One motivation is that (especially for large but finite training sets) it gives the network a chance to see the previous data to readjust the model parameters so that the model is not biased towards the last few data points during training.  
###### 7) Explain how dropout works (you can look at the keras code and/or documentation) for (a) training, and (b) test data sets.
Dropout is a Simple Way to Prevent Neural Networks from Overfitting.
The key idea is to randomly drop units (along with their connections) from the neural network during training. This prevents units from co-adapting too much. During training, dropout samples from an exponential number of different “thinned” networks. At test time, it is easy to approximate the effect of averaging the predictions of all these thinned networks by simply using a single unthinned network that has smaller weights. This significantly reduces overfitting and gives major improvements over other regularization methods. Dropout improves the performance of neural networks on supervised learning tasks in vision, speech recognition, document classification and computational biology, obtaining state-of-the-art results on many benchmark data sets.


###### 8) Explain why problems such as this homework assignment are better modeled with RNNs than CNNs. What type of problem will CNNs outperform RNNs on?
RNNs were designed to work with sequence prediction problems. RNNs in general and LSTMs in particular have received the most success when working with sequences of words and paragraphs, generally called natural language processing.This includes both sequences of text and sequences of spoken language represented as a time series. They are also used as generative models that require a sequence output, not only with text, but on applications such as generating handwriting.
So problems such as this homework assignment are better modeled with RNNs than CNNs.

CNNs were designed to map image data to an output variable.

They have proven so effective that they are the go-to method for any type of prediction problem involving image data as an input.
The benefit of using CNNs is their ability to develop an internal representation of a two-dimensional image. This allows the model to learn position and scale in variant structures in the data, which is important when working with images.
CNNs work well with data that has a spatial relationship.

The CNN input is traditionally two-dimensional, a field or matrix, but can also be changed to be one-dimensional, allowing it to develop an internal representation of a one-dimensional sequence.

This allows the CNN to be used more generally on other types of data that has a spatial relationship.
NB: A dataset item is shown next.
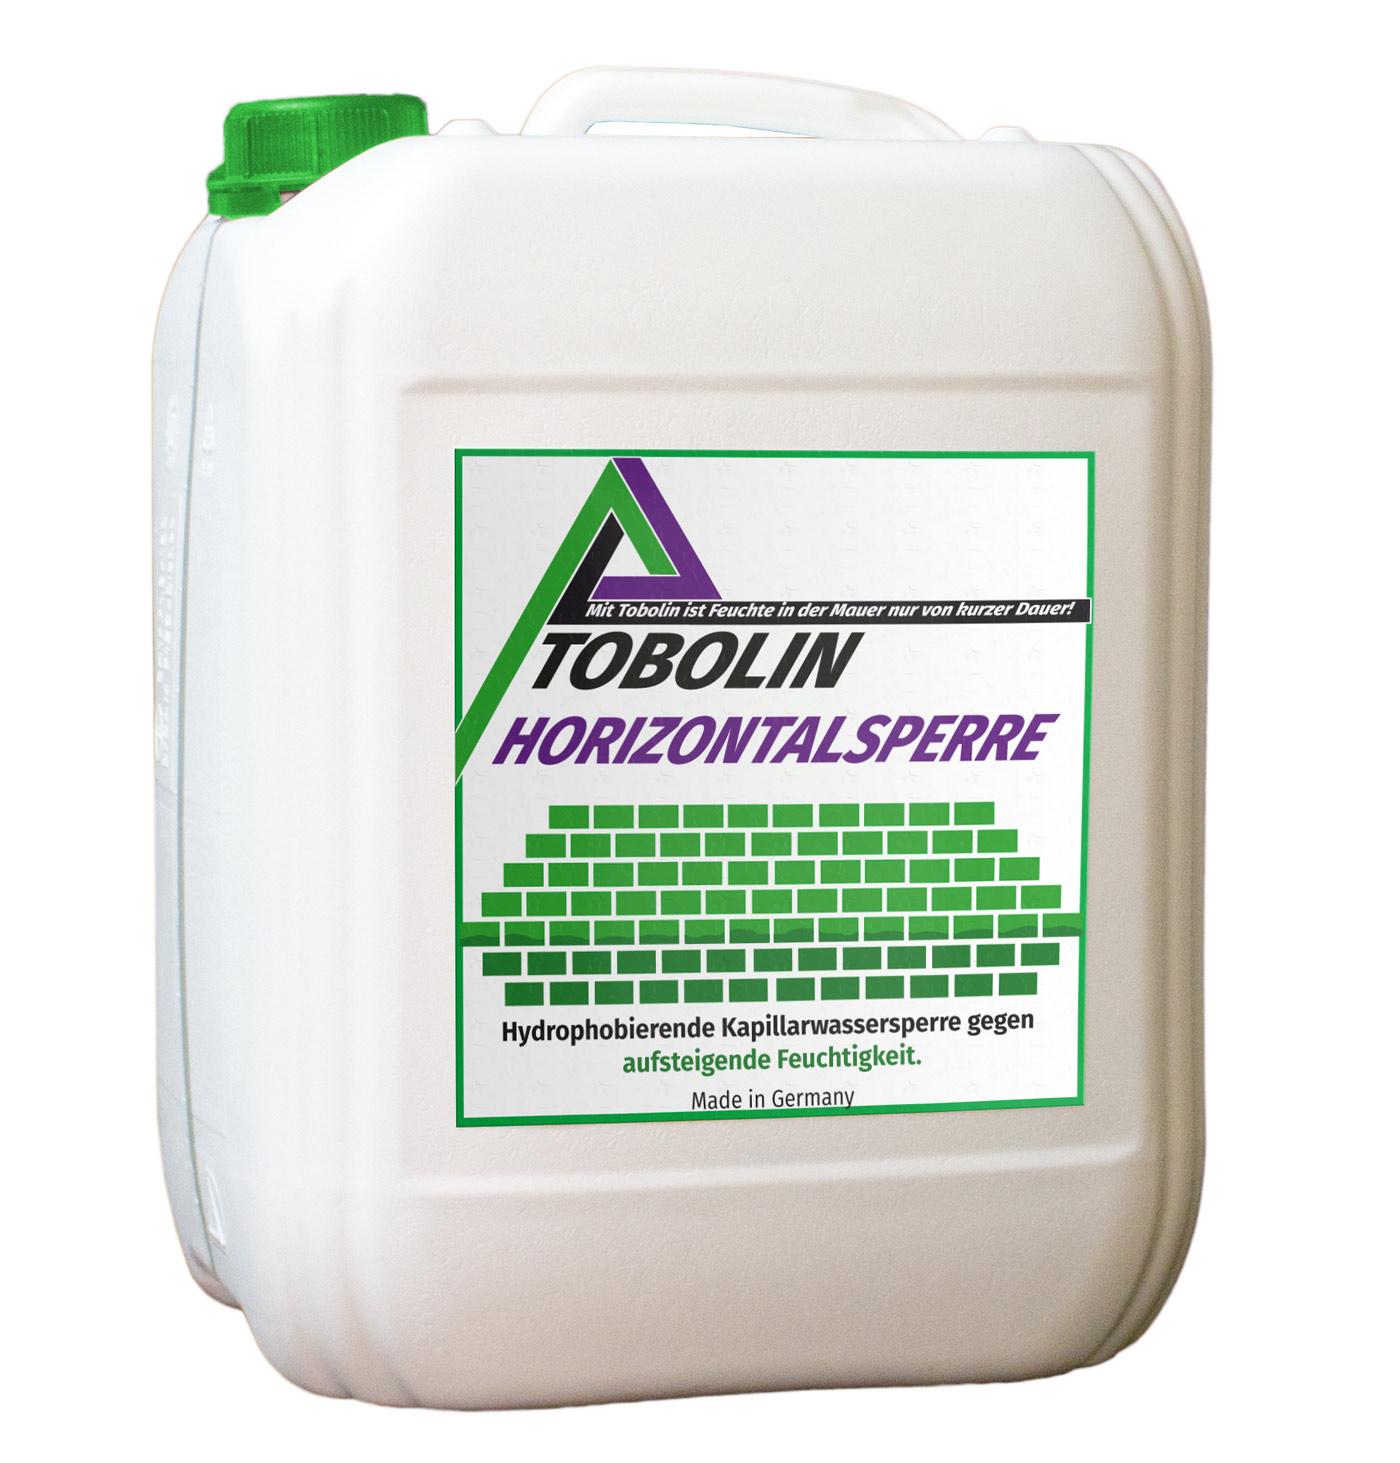 tobolin-kanister-5000ml-produktbild-freigestellt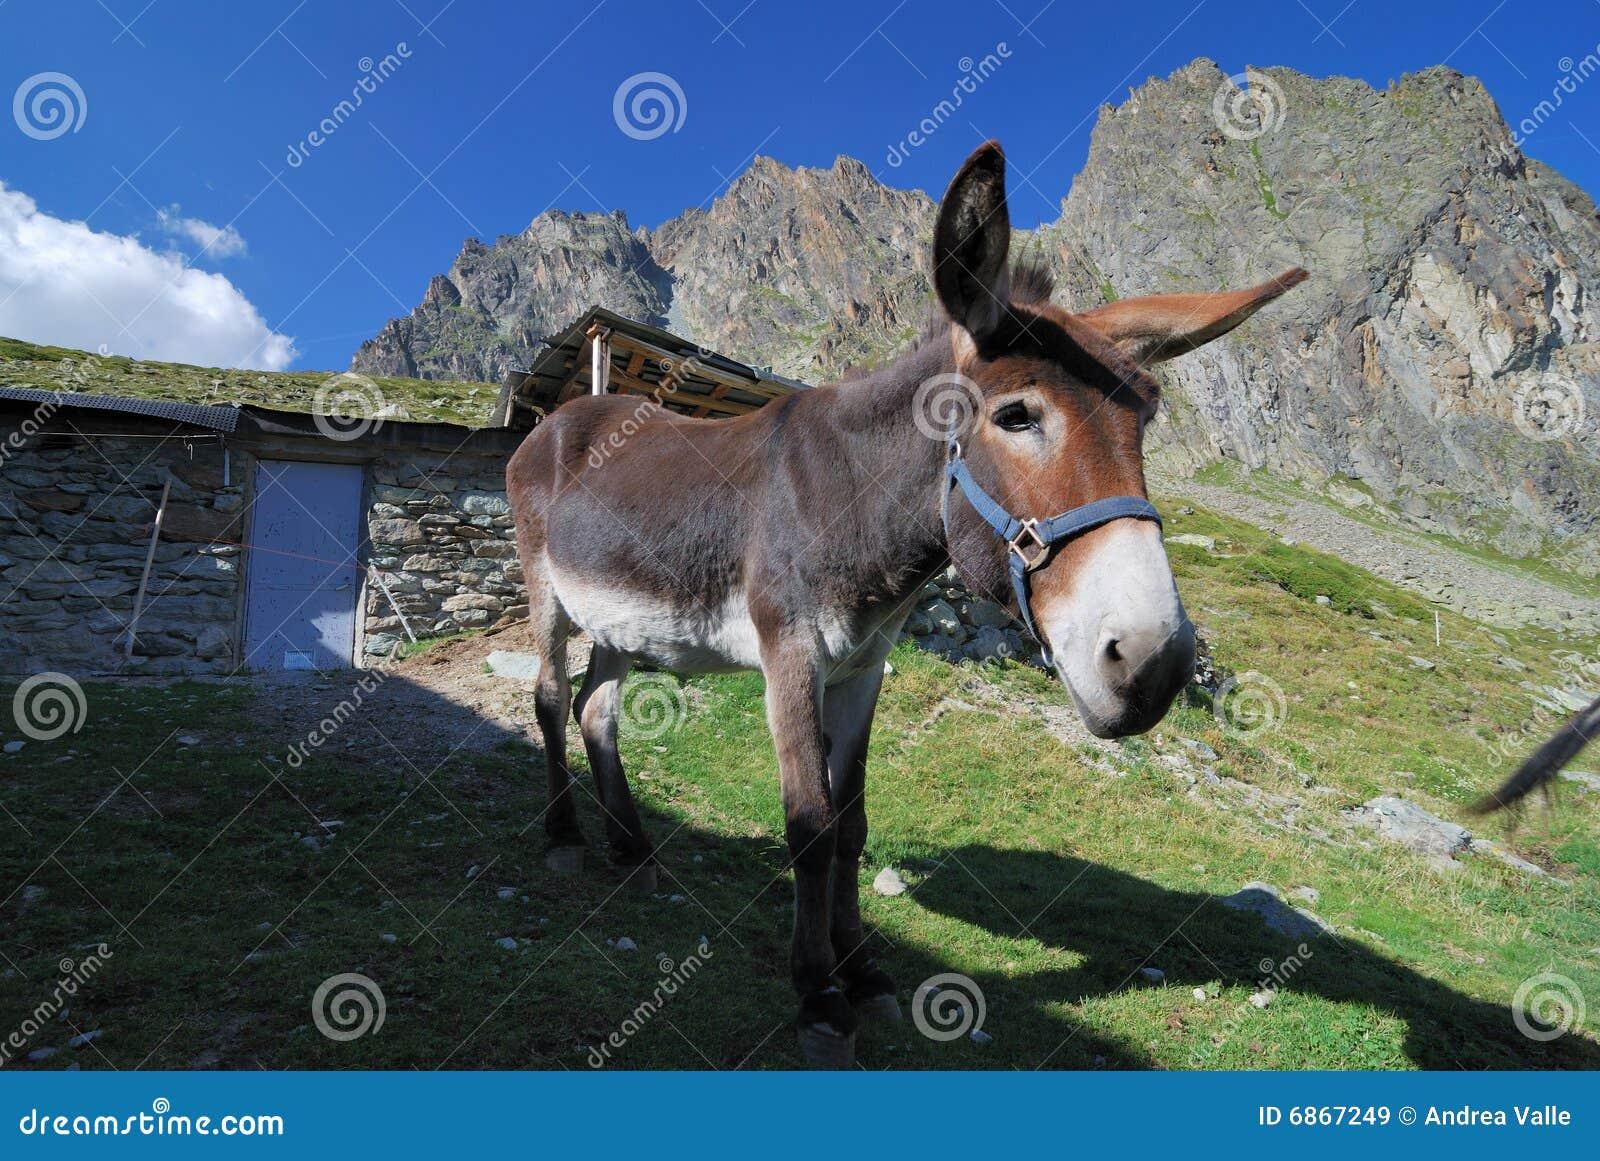 Mule !!

For example, there is an order relationship between words in a document of text. There is an ordered relationship in the time steps of a time series.

Although not specifically developed for non-image data, CNNs achieve state-of-the-art results on problems such as document classification used in sentiment analysis and related problems.

###### 9) Explain what RNN problem is solved using LSTM and briefly describe how.
LSTM is basically considered to avoid the problem of vanishing gradient in RNN. 

Theoretically, the information in RNN is supposed to follow for arbitrary large sequence but in practice this doesn't hold up.

In a simple RNN with sigmoid or tanh neuron units, the later output nodes of the network are less sensitive to the input at time t = 1. This happens due to the vanishing gradient problem. (See the fading of the color in the figure above)

An LSTM allows the preservation of gradients. The memory cell remembers the first input as long as the forget gate is open and the input gate is closed.
The output gate provides finer control to switch the output layer on or off without altering the cell contents.